REQUIRED ACTION: Would you transcribe the listing that follows, character for character, and omit its images?

EXERCISE DATA:
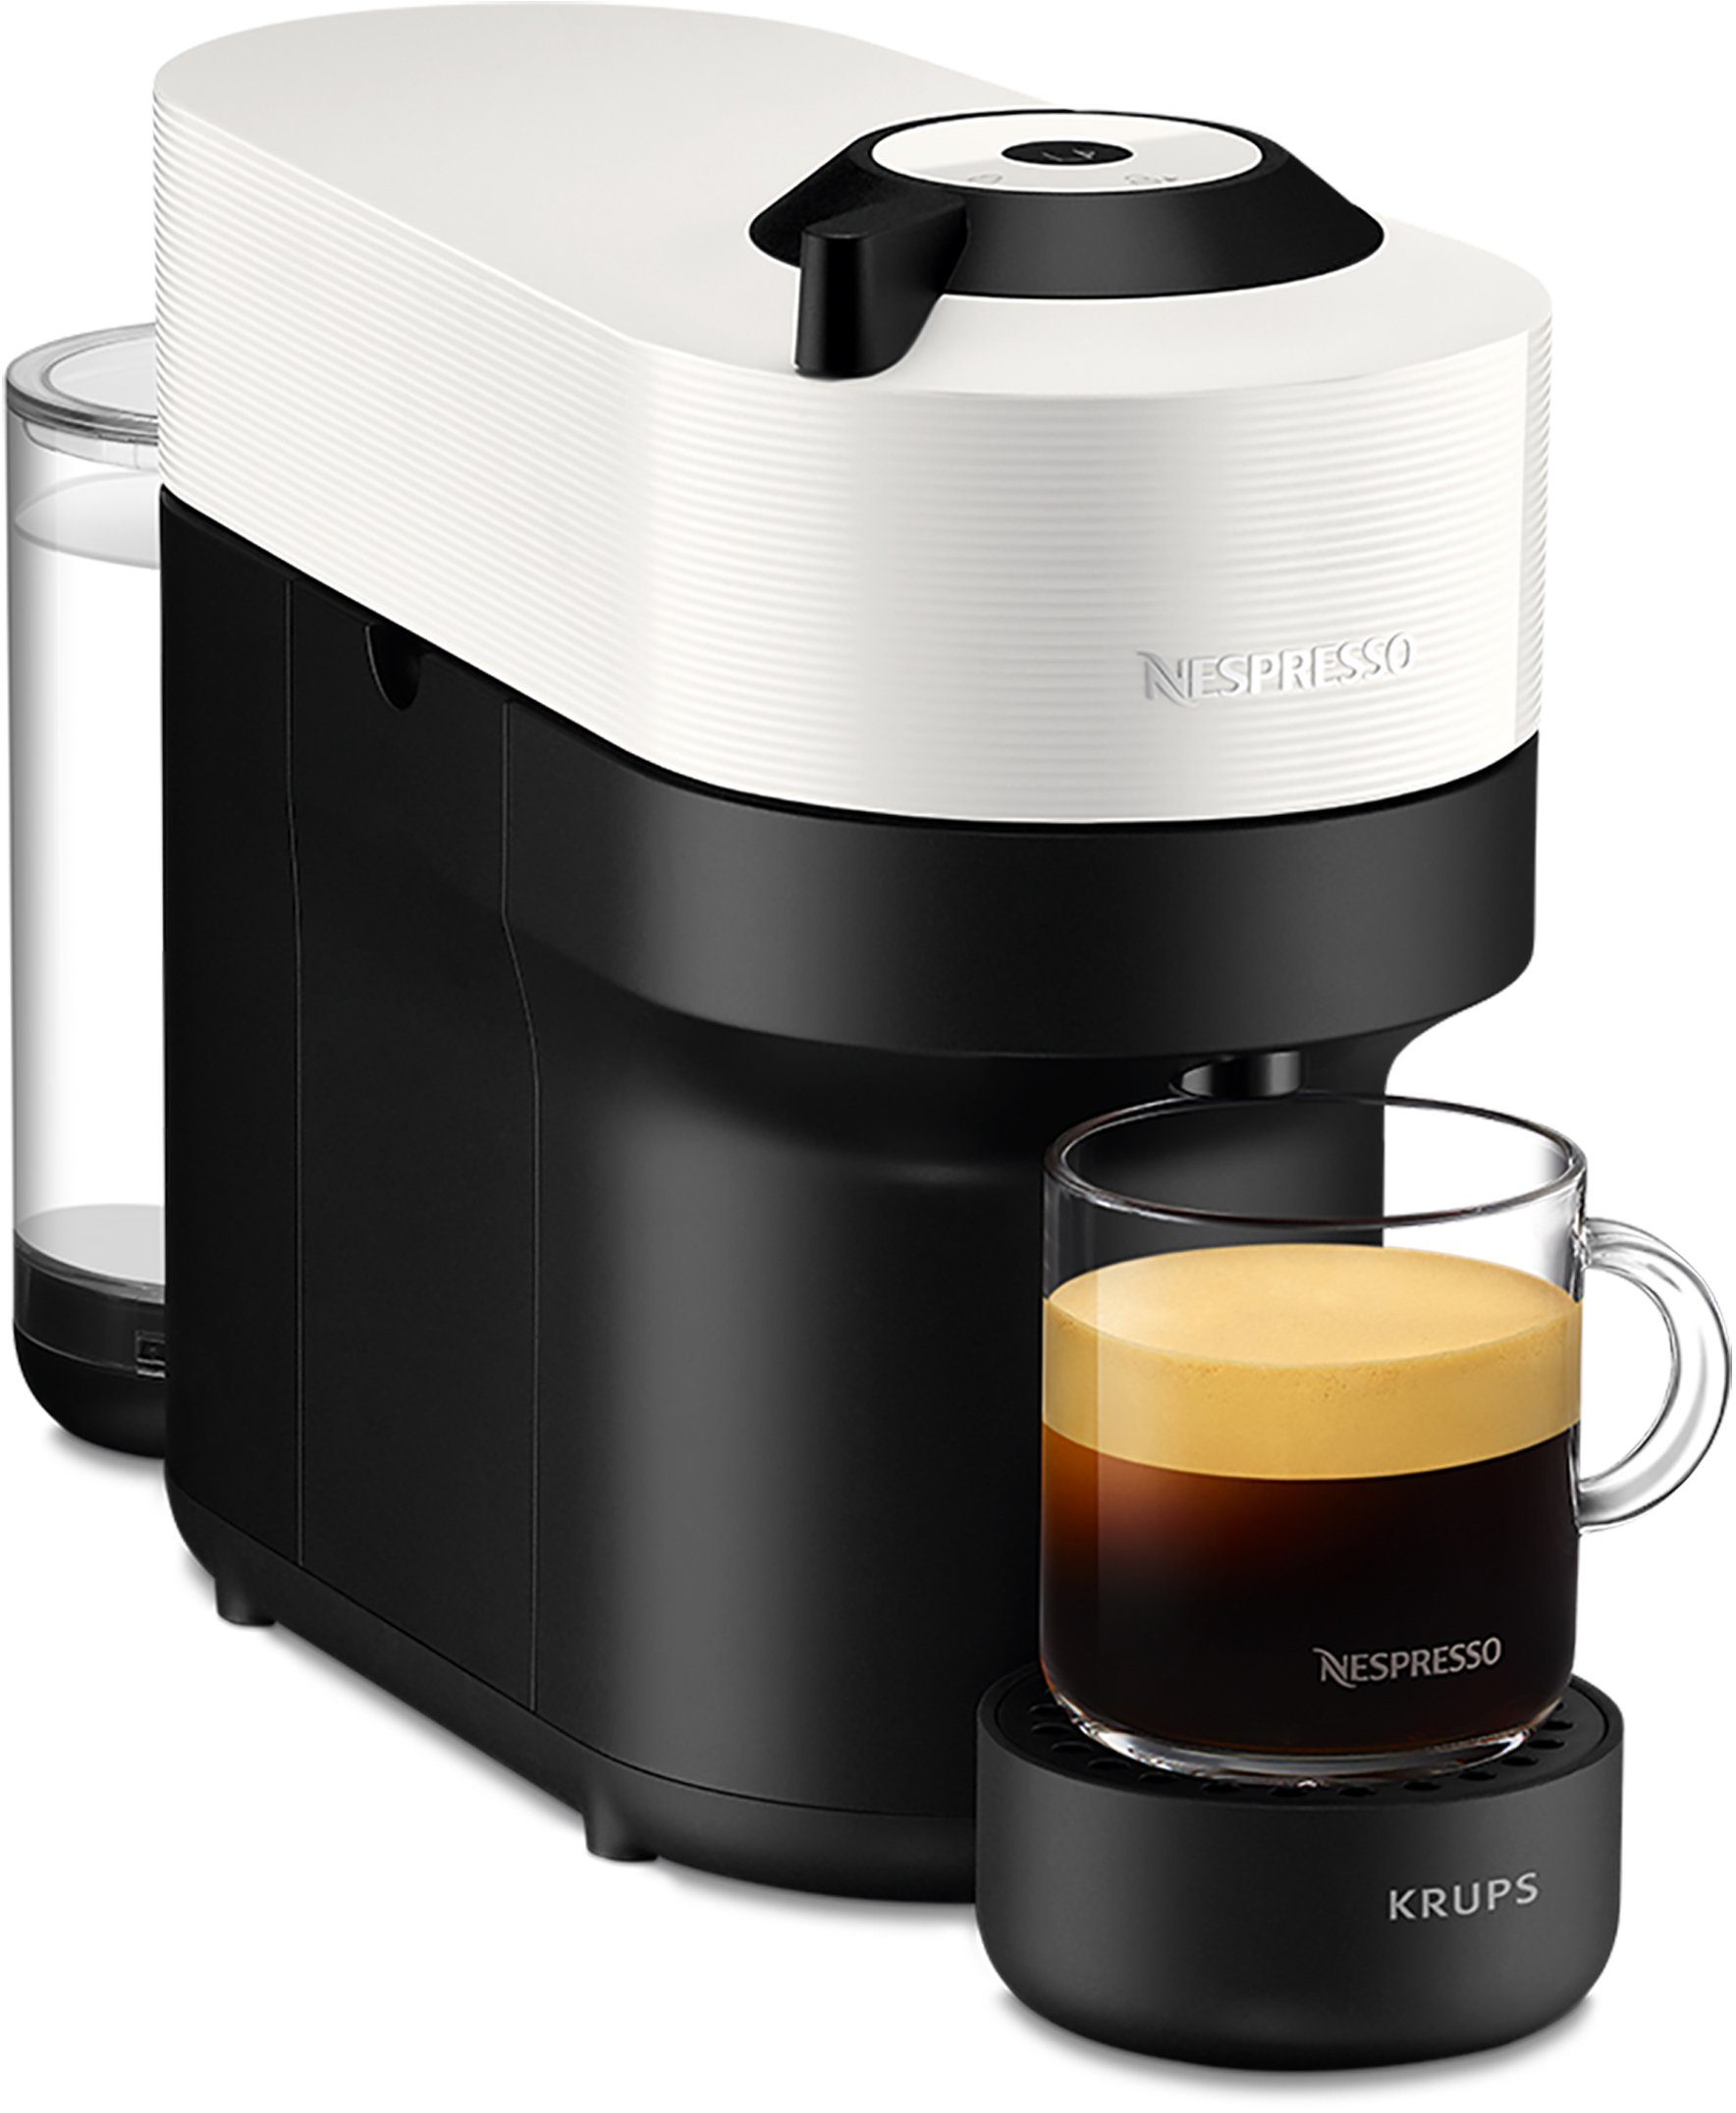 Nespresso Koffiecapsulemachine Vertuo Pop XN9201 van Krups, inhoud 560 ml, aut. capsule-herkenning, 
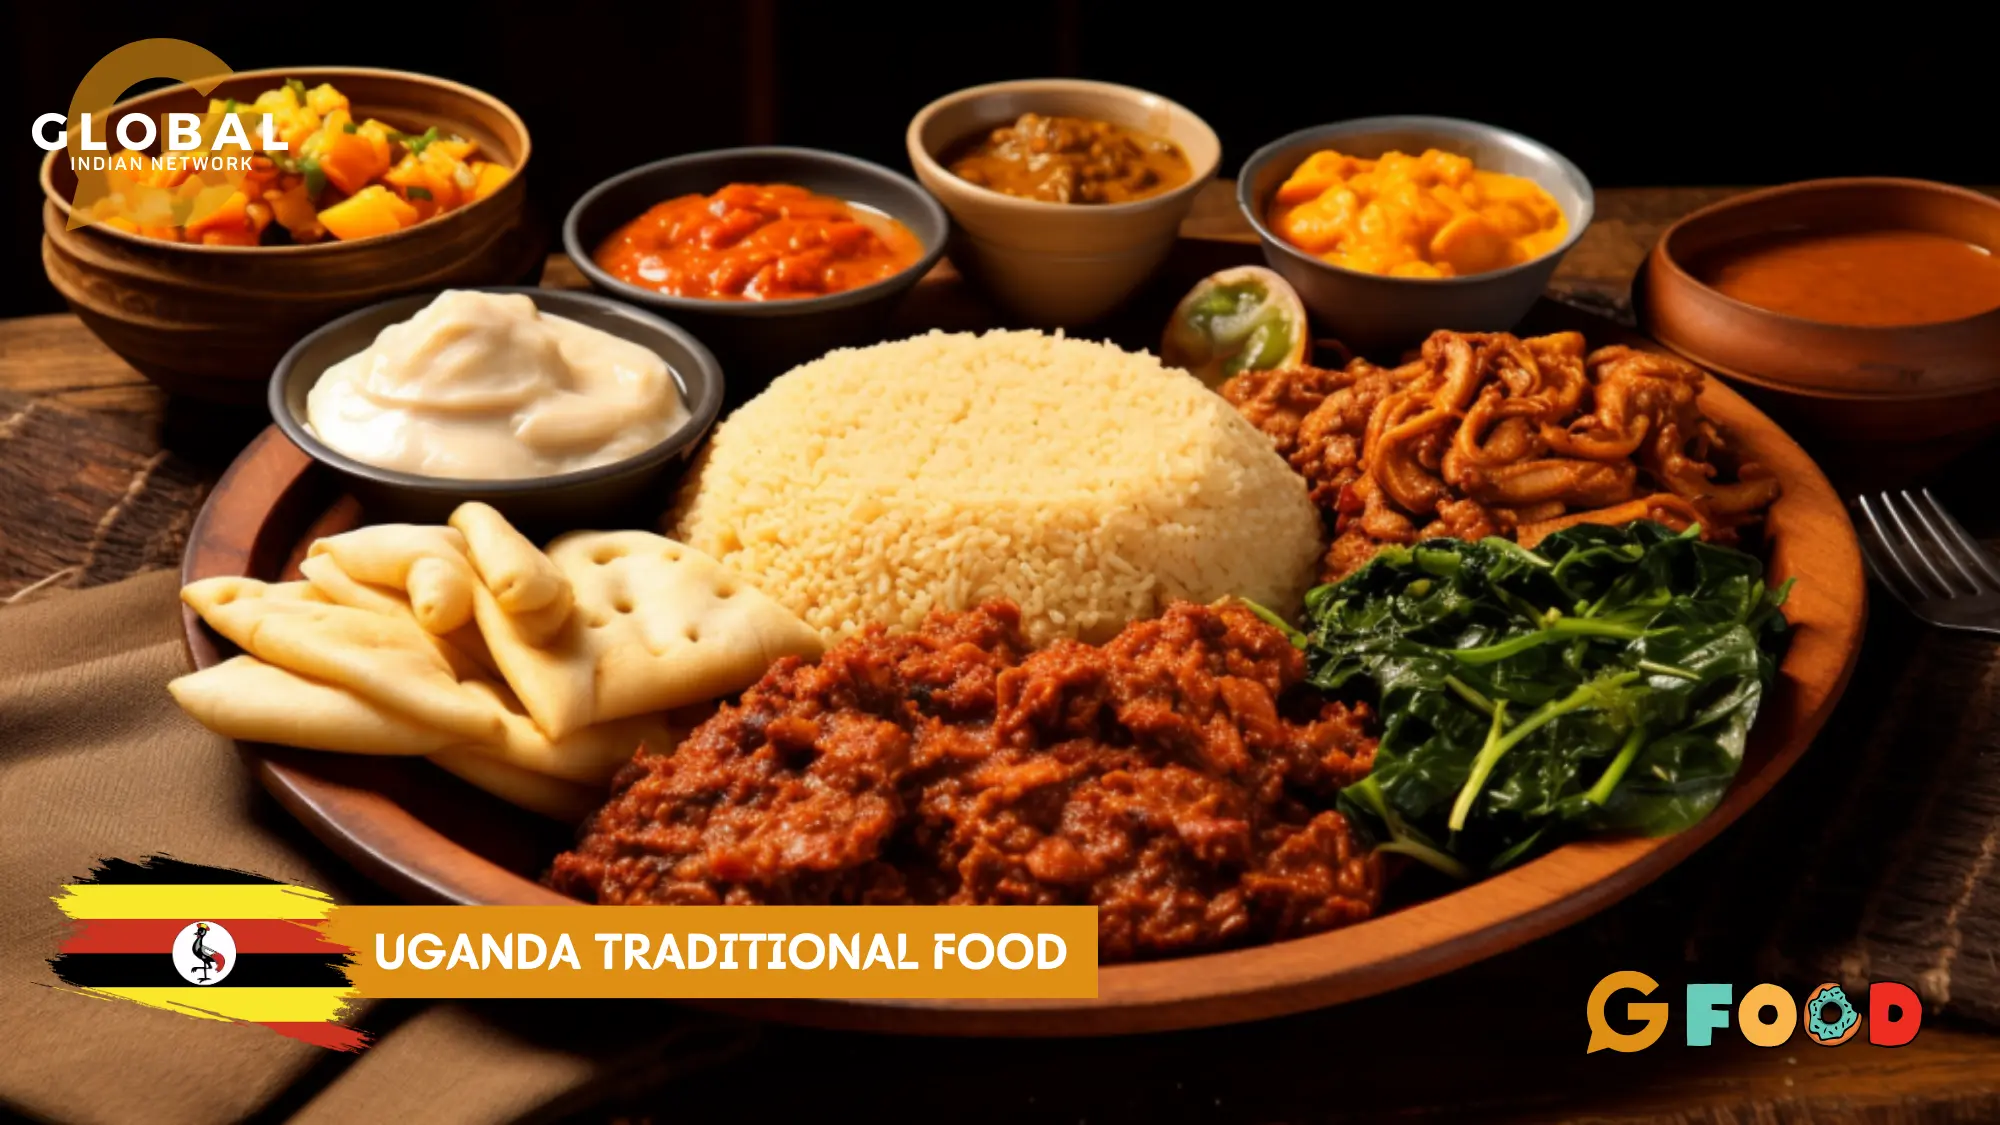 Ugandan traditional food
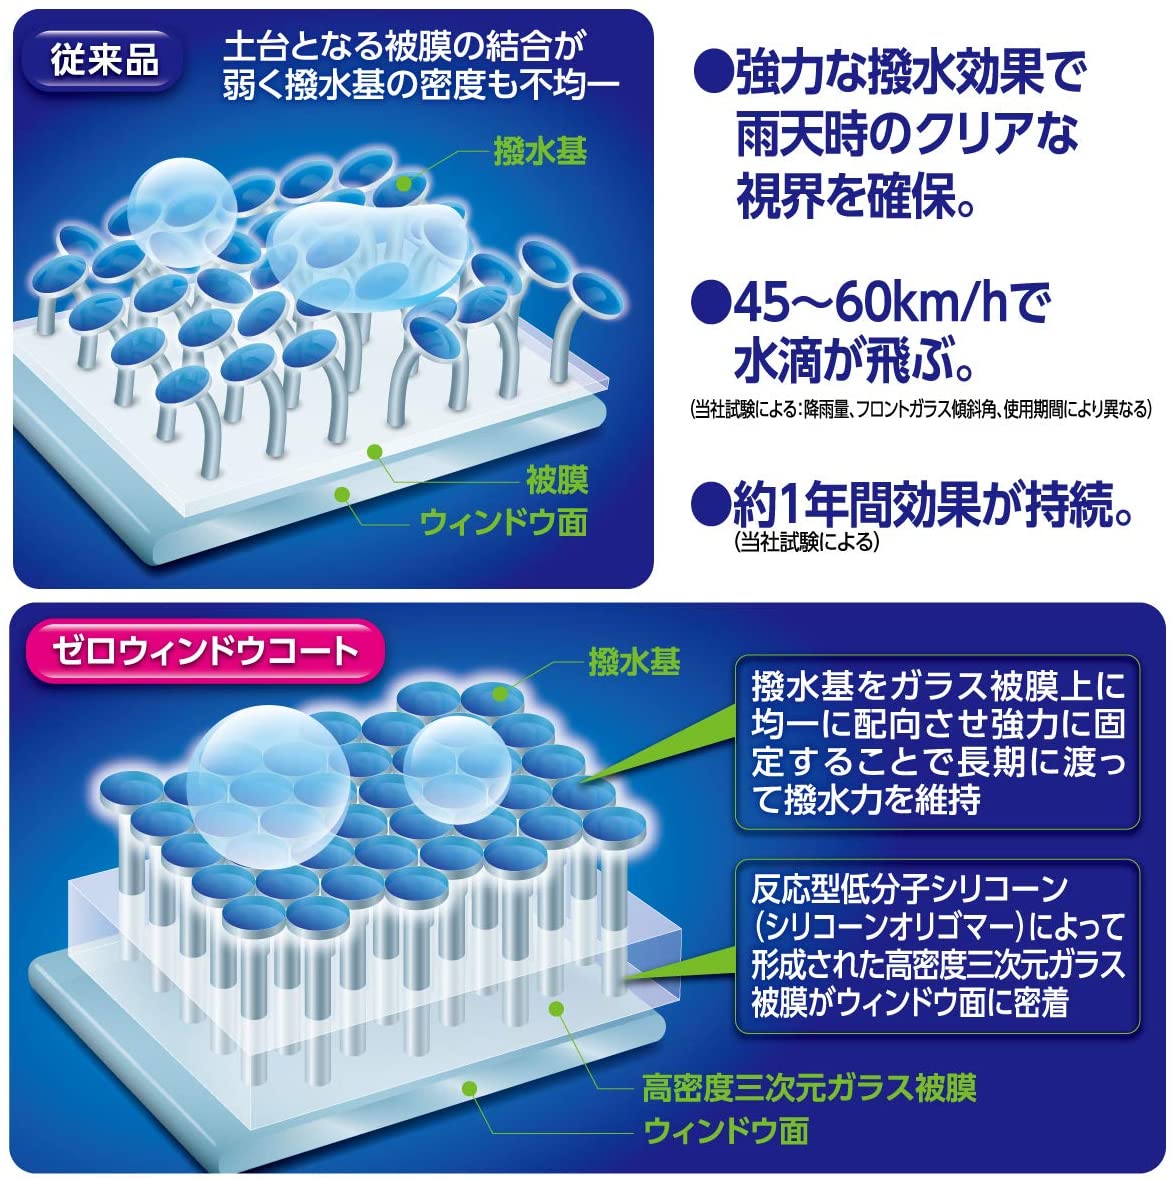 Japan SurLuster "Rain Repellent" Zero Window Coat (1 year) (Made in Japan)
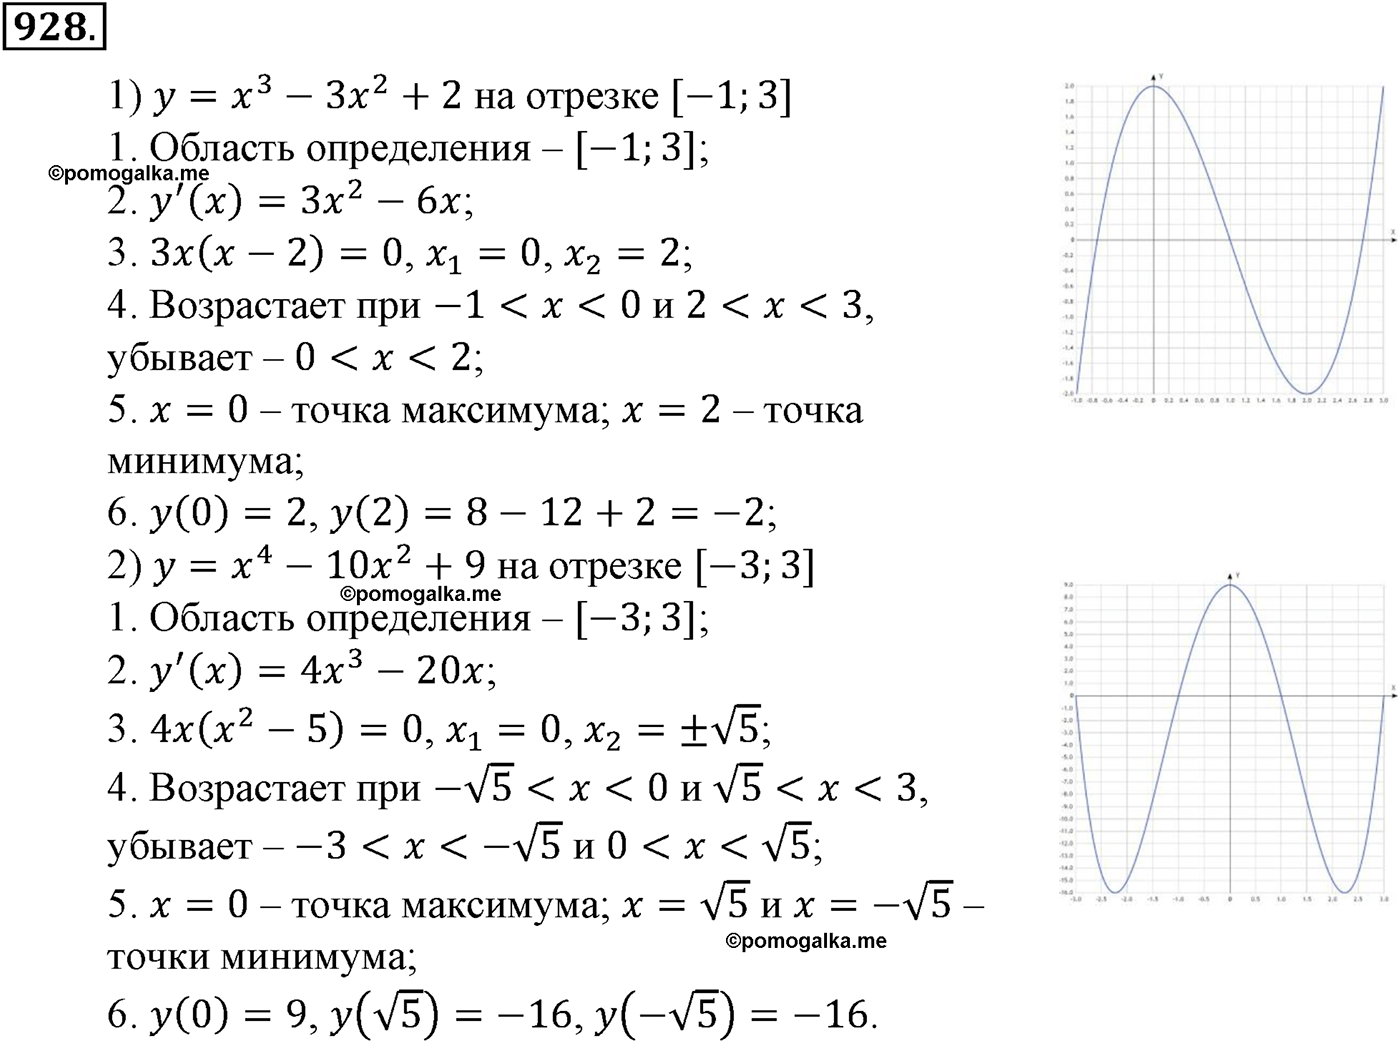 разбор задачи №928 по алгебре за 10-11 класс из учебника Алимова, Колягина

RESULT:
 Nespresso Koffiecapsulemachine Vertuo Pop XN9201 van Krups, inhoud 560 ml, aut. capsule-herkenning, 
 Ugandan traditional food
 Japan SurLuster "Rain Repellent" Zero Window Coat (1 year) (Made in Japan)
 разбор задачи №928 по алгебре за 10-11 класс из учебника Алимова, Колягина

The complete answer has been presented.